• [Requirement]: What is needed is the full listing written out exactly, minus the pictures.

• [The data]:
= = = =

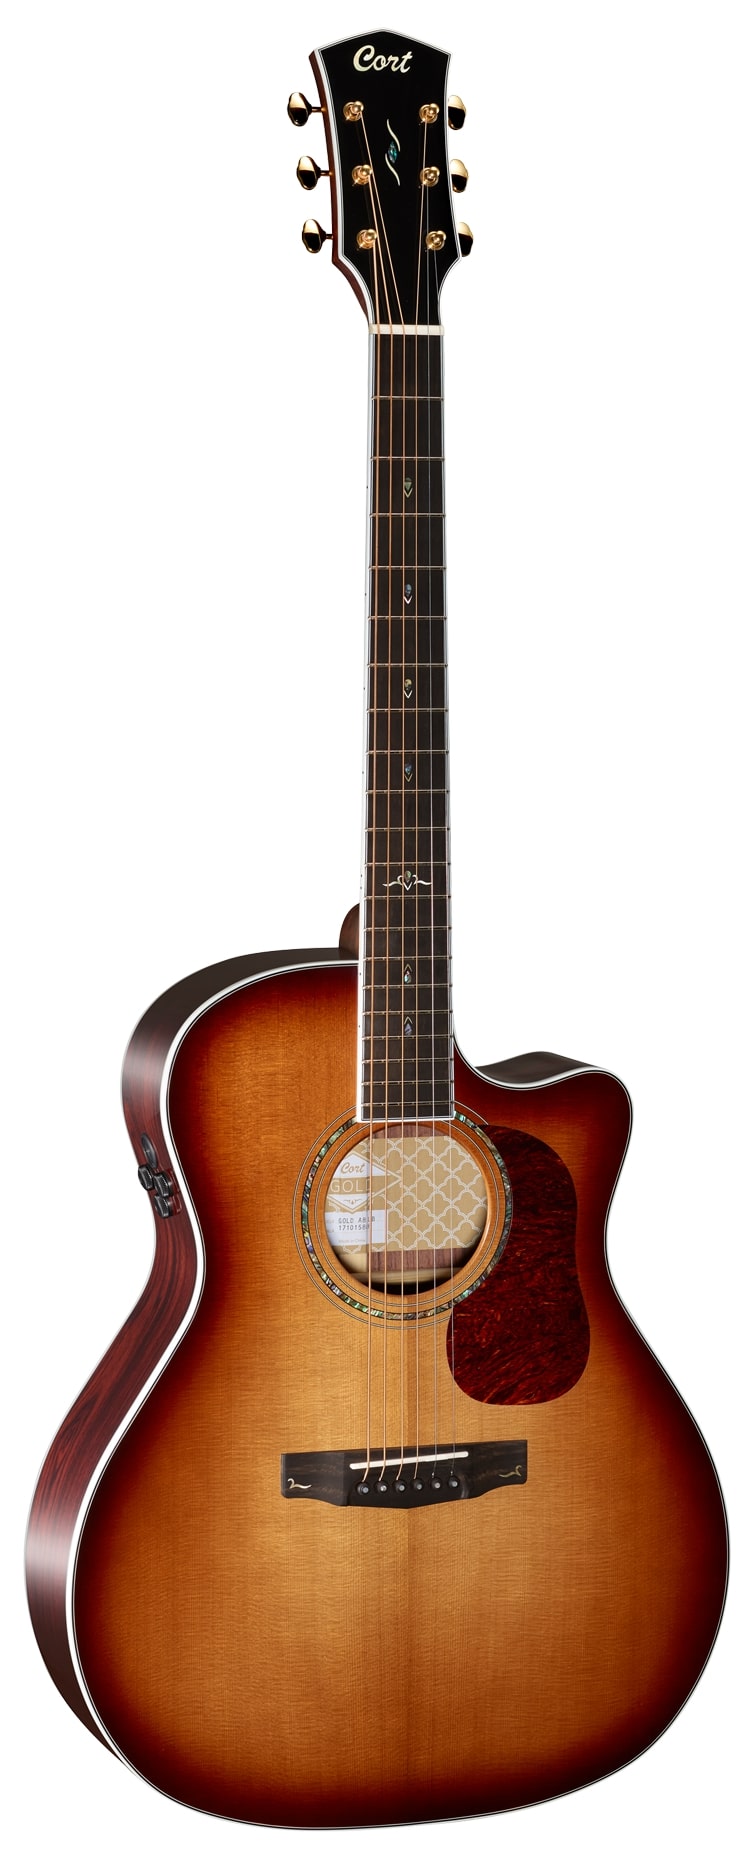 Электроакустические гитары Cort Gold-A8-WCASE-LB (чехол в комплекте) электрогитары cort g290 fat ii wbag tbb чехол в комплекте
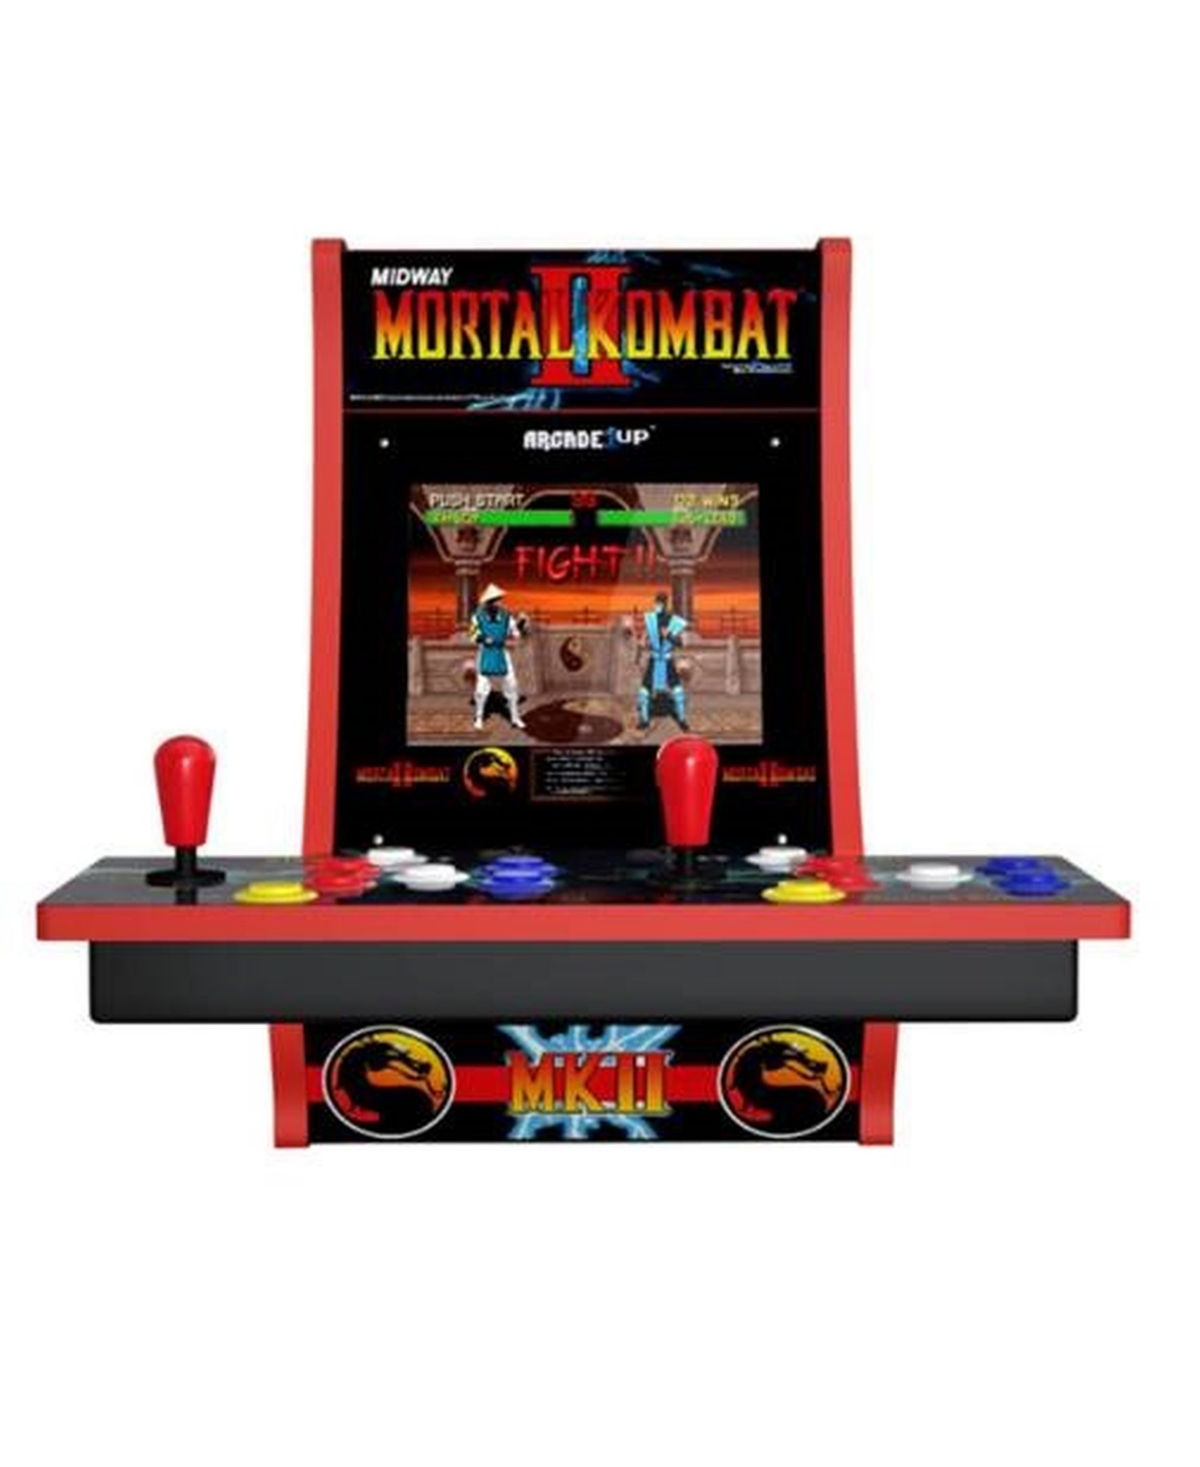 Arcade 1UP Mortal Kombat Ii 2 Player Countercade Arcade Game
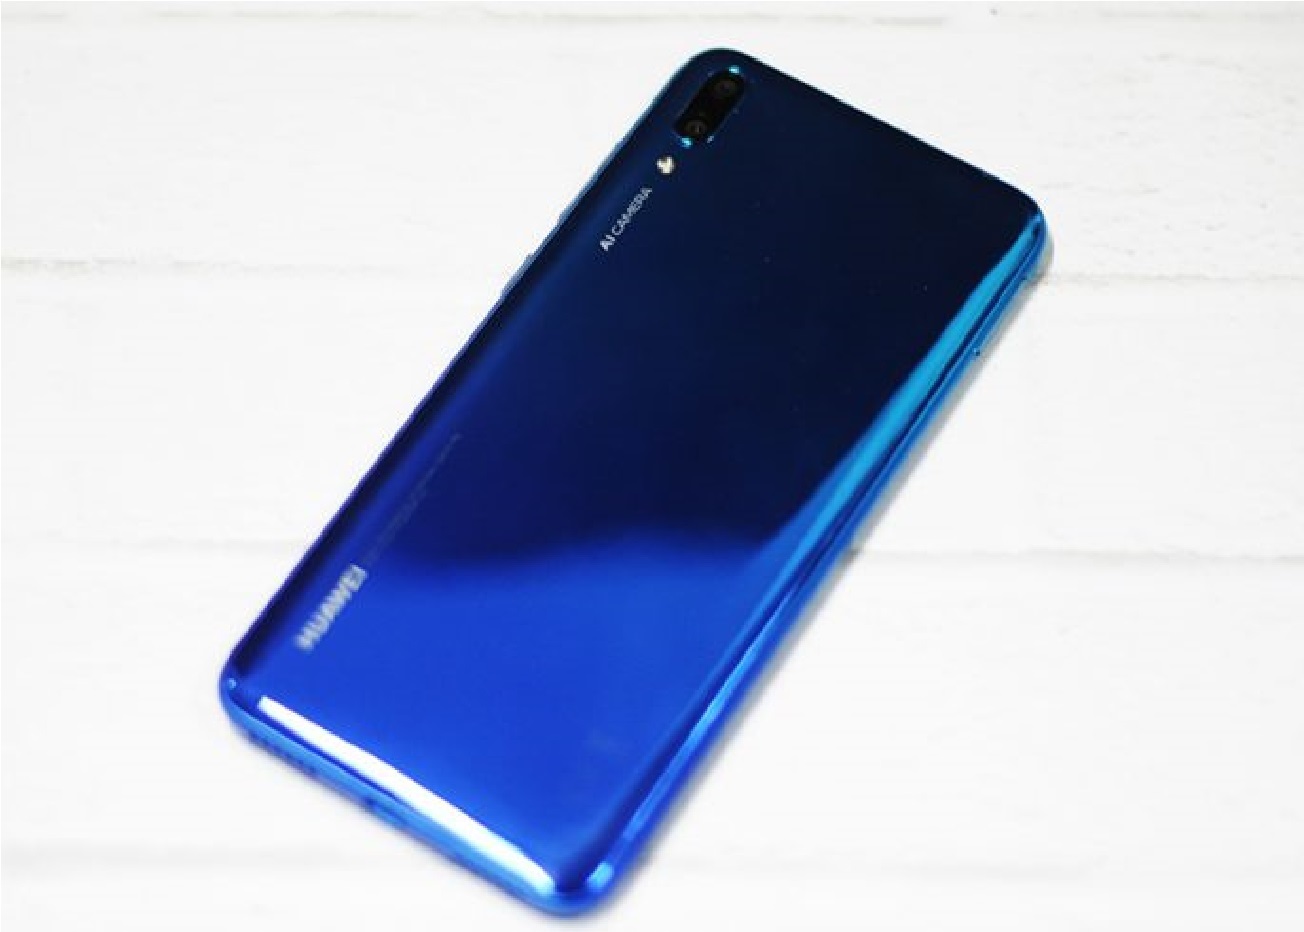 Huawei Y7 Pro 5 696x462 1

= = = =

• [The answer]:
 Электроакустические гитары Cort Gold-A8-WCASE-LB (чехол в комплекте) электрогитары cort g290 fat ii wbag tbb чехол в комплекте
 Arcade 1UP Mortal Kombat Ii 2 Player Countercade Arcade Game
 Huawei Y7 Pro 5 696x462 1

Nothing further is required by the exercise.